# Been Enjoying Coffee Lately…



## jw (Oct 22, 2022)

So I’ve grown up never really drinking coffee til I was in my 30s. Even up until a few months ago, to me, coffee was coffee, and had no idea coffee could be really enjoyable _merely_ for the taste itself. Then I tried some freshly ground beans using a pour-over method, and I guess I’ve gone complete hipster. That noted, I’ve found that my sleep is less when I’ve indulged coffee in the evenings. Wondering if any of you know of some decent tasting decaf that might make for an occasional and okay evening cup?

Reactions: Like 2


----------



## Polanus1561 (Oct 22, 2022)

No love for tea?

Reactions: Like 1


----------



## jw (Oct 22, 2022)

John Yap said:


> No love for tea?


Black and iced.

Reactions: Like 1


----------



## Eyedoc84 (Oct 22, 2022)

jw said:


> So I’ve grown up never really drinking coffee til I was in my 30s. Even up until a few months ago, to me, coffee was coffee, and had no idea coffee could be really enjoyable _merely_ for the taste itself. Then I tried some freshly ground beans using a pour-over method, and I guess I’ve gone complete hipster. That noted, I’ve found that my sleep is less when I’ve indulged coffee in the evenings. Wondering if any of you know of some decent tasting decaf that might make for an occasional and okay evening cup?

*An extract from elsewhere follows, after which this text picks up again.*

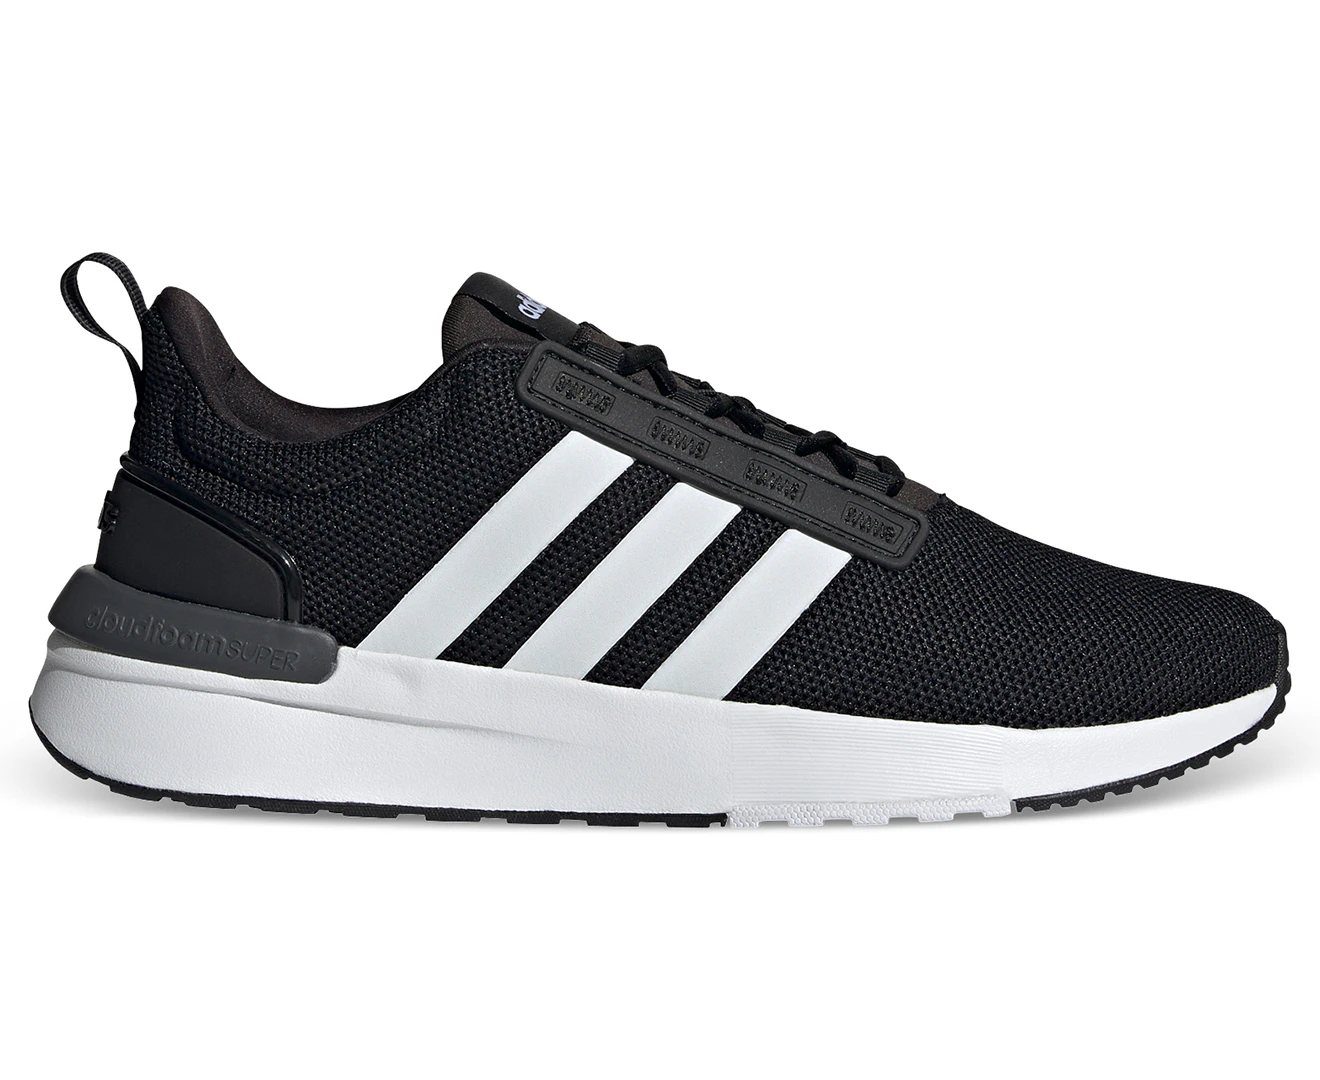 Adidas Men's Run Sneakers - Black/White/Grey Www.catch.com.au

roast your own. I use a toaster oven dedicated to the purpose. I prefer Ethiopian coffees. You can use an air popper or heat gun too.


----------



## davejonescue (Oct 22, 2022)

Any of the major brands are going to have good decafs; Folders, Nescafe, Maxwell House. When choosing an instant, stick with these 3 or possibly Tasters Choice. Thats really one of the only things you cant go store-brand on is instant coffee. Now that there are Keurigs, I use a reusable cup, buy the Cafe Bustelo grounds, and drip me single cups at work. They make an instant too, but you cant find it everywhere. If you get one of those, pretty much skies the limit as even Wal-Mart carries Dunkin, McDonalds, Starbucks, and the list goes on in grounds. Just get the $5 reusable Keurig cups, dont waste your money on pre-packaged pods. What ever you do, don't start using cream and sugar in your coffee. Why, because it will make it taste like candy, and you will become dependent on it to drink it. This adds unneeded sugar and calories to your diet, especially if you are or become an all-day drinker like I am. While decafs are good, if you partake regularly, you will build a tolerance to coffee in which you can enjoy all day, stop drinking around 9 or 10, and go to sleep like a baby by 11pm or midnight. But I have been drinking coffee since 14 and I am 40 now; so it takes a bit. But, again, you cant go cheap on coffee if its instant; the drip doesnt really matter much; but cheap instants are void of the kick you will get with name brand brews. This goes for decaf as well.


----------



## jwithnell (Oct 22, 2022)

Logically, you could get what you like, say a medium-roast Sumatra from your favorite small-batch coffee company in their decaf offering. But I haven't found this to work -- and coffee smells best to me in the evening. I drink my current fav before 3 p.m. and scowl at my husband who drinks whatever he likes day or nite.


----------



## JimmyH (Oct 22, 2022)

Peet's Half-Caf Arabian Mocha-Java Dark Roast Coffee | Peet's Coffee


The world’s most famous blend, created with Java and Arabian mocha beans long before coffee was widely grown. Dark roasted to bring out notes of cocoa, port, and cardamom. Subscribers always get free shipping and up to 10% off all orders!




www.peets.com




Good stuff, not decaf, but not high test either. In between.


----------